New research helps pinpoint a cognitive biomarker found in both humans and rodents

Scientists have identified a pattern of brain activity that appears to be an electrophysiological marker of sensitivity to reward in both mice and humans. The findings, published in Psychopharmacologyhelp translate animal models of cognitive processes to humans.

“The vast majority of animal testing cannot be translated to humans. A big problem is that the measures we use to assess things like drug response rely on behavioral changes with very low confidence,” explains study author Jim Cavanagh, an associate professor at the University of New Mexico and director of the University of New Mexico. Cognitive Rhythms and Computation Lab.

“Rodents are so different from humans that we know this provides only weak evidence. So why not go straight to the source and look at similar responses from the brain system? Well, the answer is that – it’s hard! But here we used a novel approach and a theoretical perspective – taking findings of human brain activities that are well associated with behavior, seeing if these are present in mice, and then seeing if these similar biomarkers respond in a similar way to things like drug challenge. .”

The researchers were particularly interested in a pattern of electrical brain activity known as reward positivity, which is seen in response to receiving a reward. A greater reward positivity signal reflects an improved brain response to reward. Previous research has shown that abnormal positive responses to rewards are associated with depression and other mental illnesses.
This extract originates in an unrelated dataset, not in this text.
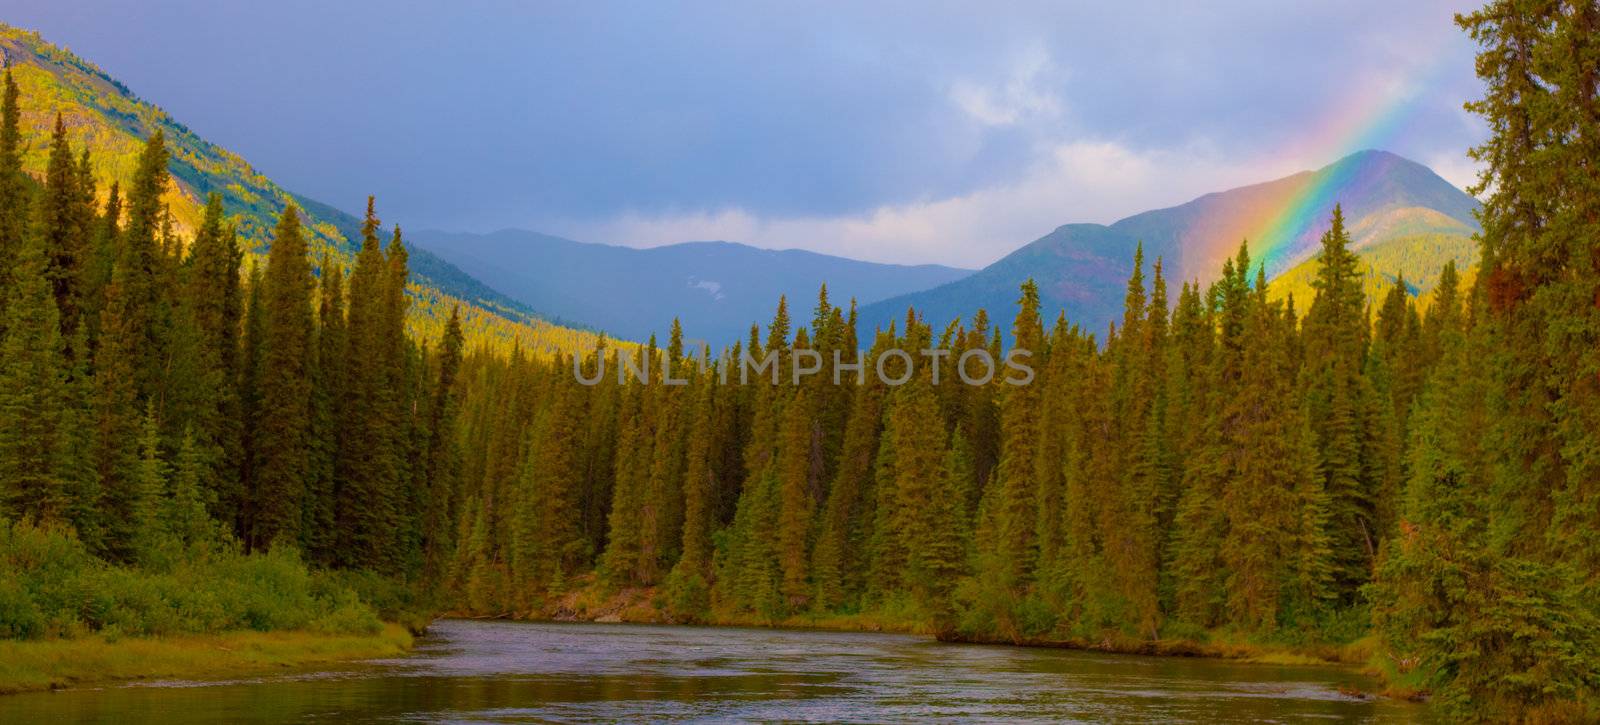 Rainbow in beautiful valley of Big Salmon River, Yukon Territory, Canada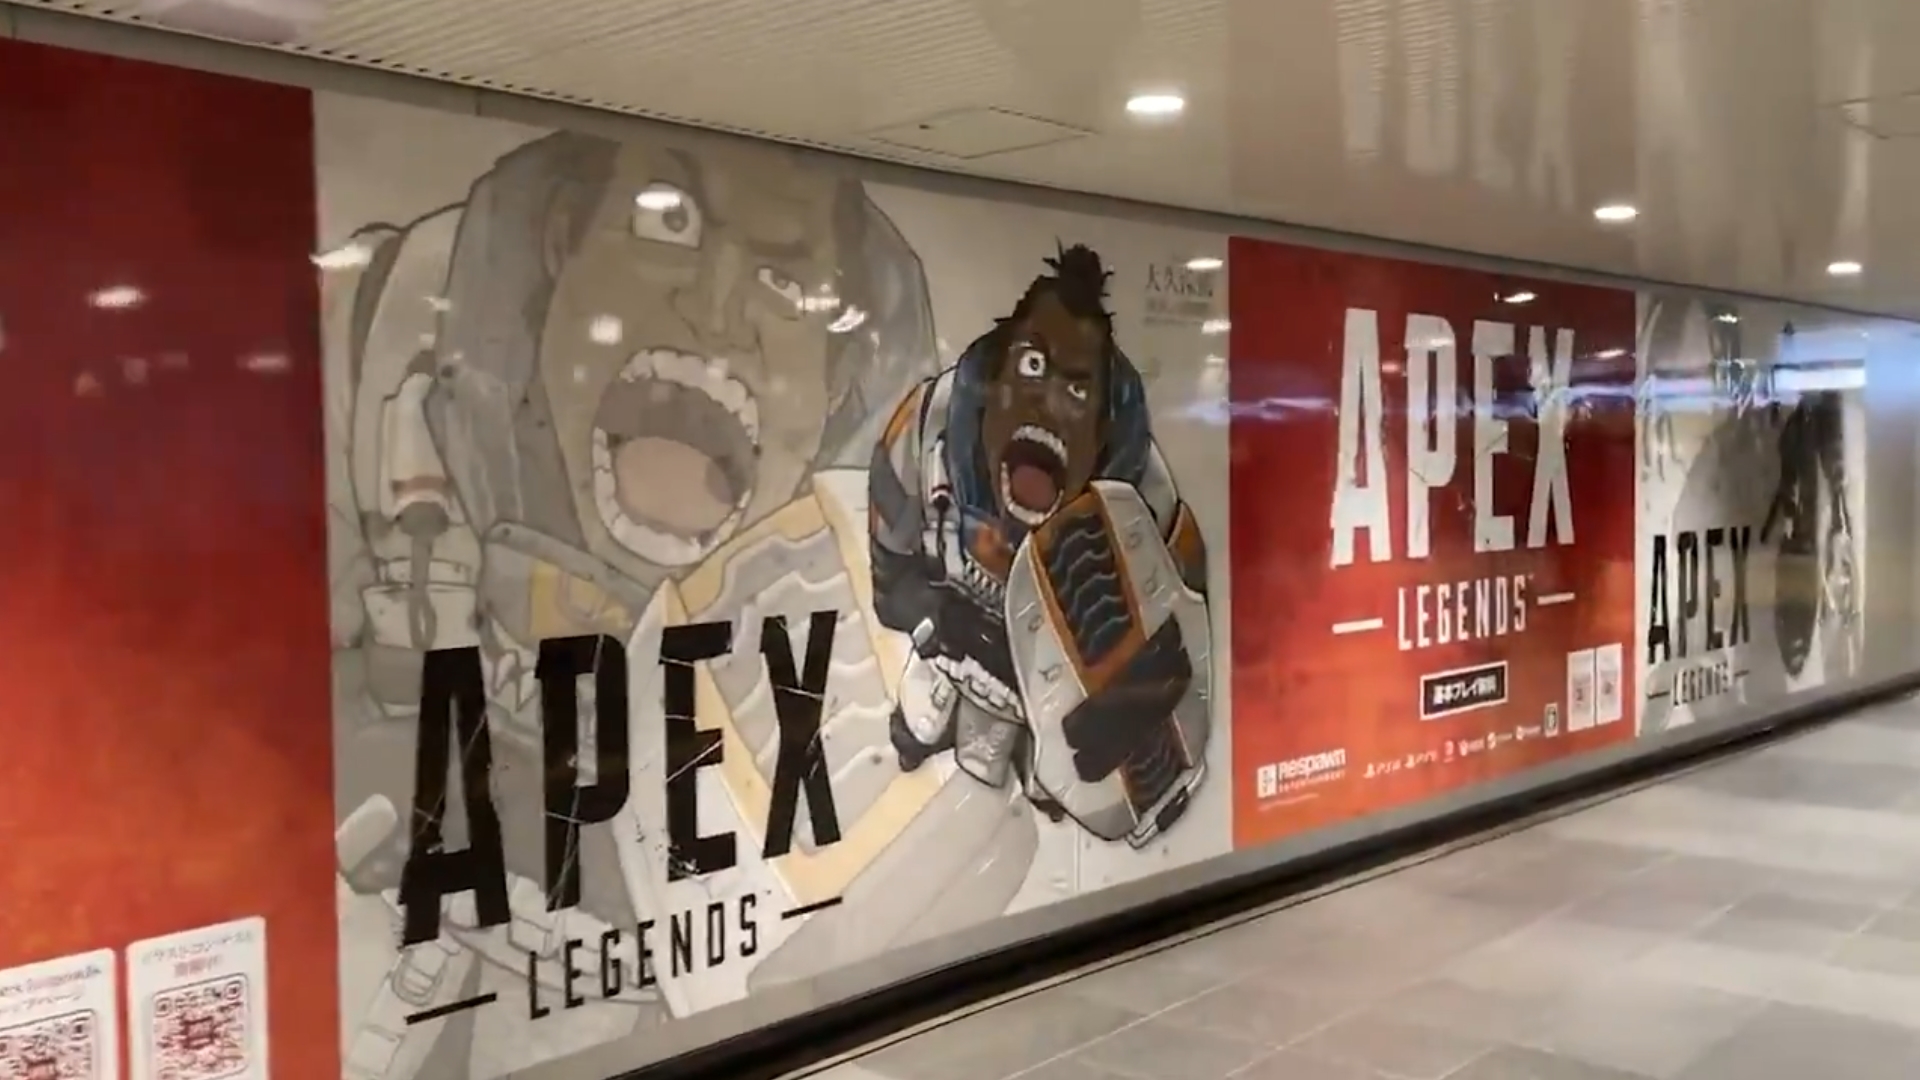 Apex シーズン8の開幕記念で 渋谷の道玄坂ハッピーボード にスペシャルコラボイラストが公開中 エーペックスレジェンズ攻略速報まとめ エペ速

In their new double-blind, randomized, placebo-controlled study, Cavanagh and colleagues had 23 people and 28 mice perform probabilistic learning tasks while using electroencephalography, or EEG, to record their brain activity. They found that the stimulant amphetamine increased positive responses to rewards in both humans and mice. The researchers observed “comparable sensitivity of both species to increasing doses of d-amphetamine, demonstrating pharmacological predictive validity for this biomarker of reward sensitivity.”

“Formerly separate areas of neuroscience are formally merging to better address important brain health issues,” Cavanagh told PsyPost. “It’s hard work to make isolated fields work together, but it’s worth it. We want to make better use of animal models and directly apply those findings to inform individualized clinical outcomes in mental health.”

Cavanagh also noted that developing behavioral tasks that can be performed by both humans and mice is not an easy undertaking.

“There are so many warnings, speed bumps and roadblocks. But we tackle them all quickly. The main problem is that we need tasks where mice and humans perform them somewhat in the same way. If this sounds difficult, then you’re right,” explained the researcher.

“We started with similar touchscreen interfaces in both species. Then moved on to similar types of task complexity and demands. We finally developed some techniques to reliably elicit the same cognitive process in mice and humans and record the outcome. Each of these desired results took a lot of work to fine-tune, but our ongoing work is already stronger than what we just published, showing how fast this learning curve has been.”

The efforts could lead to important advances in our understanding of the brain and new treatments for mental illness.

“This kind of work takes a lot of time, effort and money. Collaboration between laboratories was critical and support from the NIMH was essential. However, we are making great progress and we have many ongoing studies and improvements planned in the near future,” said Cavanagh.

“Soon we want to see if antidepressants amplify this reward biomarker signal in mice. This would be a test of why antidepressants work, and this could hopefully inform which people certain antidepressants work best for. This is an amalgamation of couch-to-bed translation and personalized medicine – and the whole thing would be very cheap to use in a clinical setting.”

The study, “Amphetamine alters an EEG marker of reward processing in humans and mice,” is authored by James F. Cavanagh, Sarah L. Olguin, Jo A. Talledo, Juliana E. Kotz, Benjamin Z. Roberts, John A. Nungaray , Joyce Sprock, David Gregg, Savita G. Bhakta, Gregory A. Light, Neal R. Swerdlow, Jared W. Young, and Jonathan L. Brigman.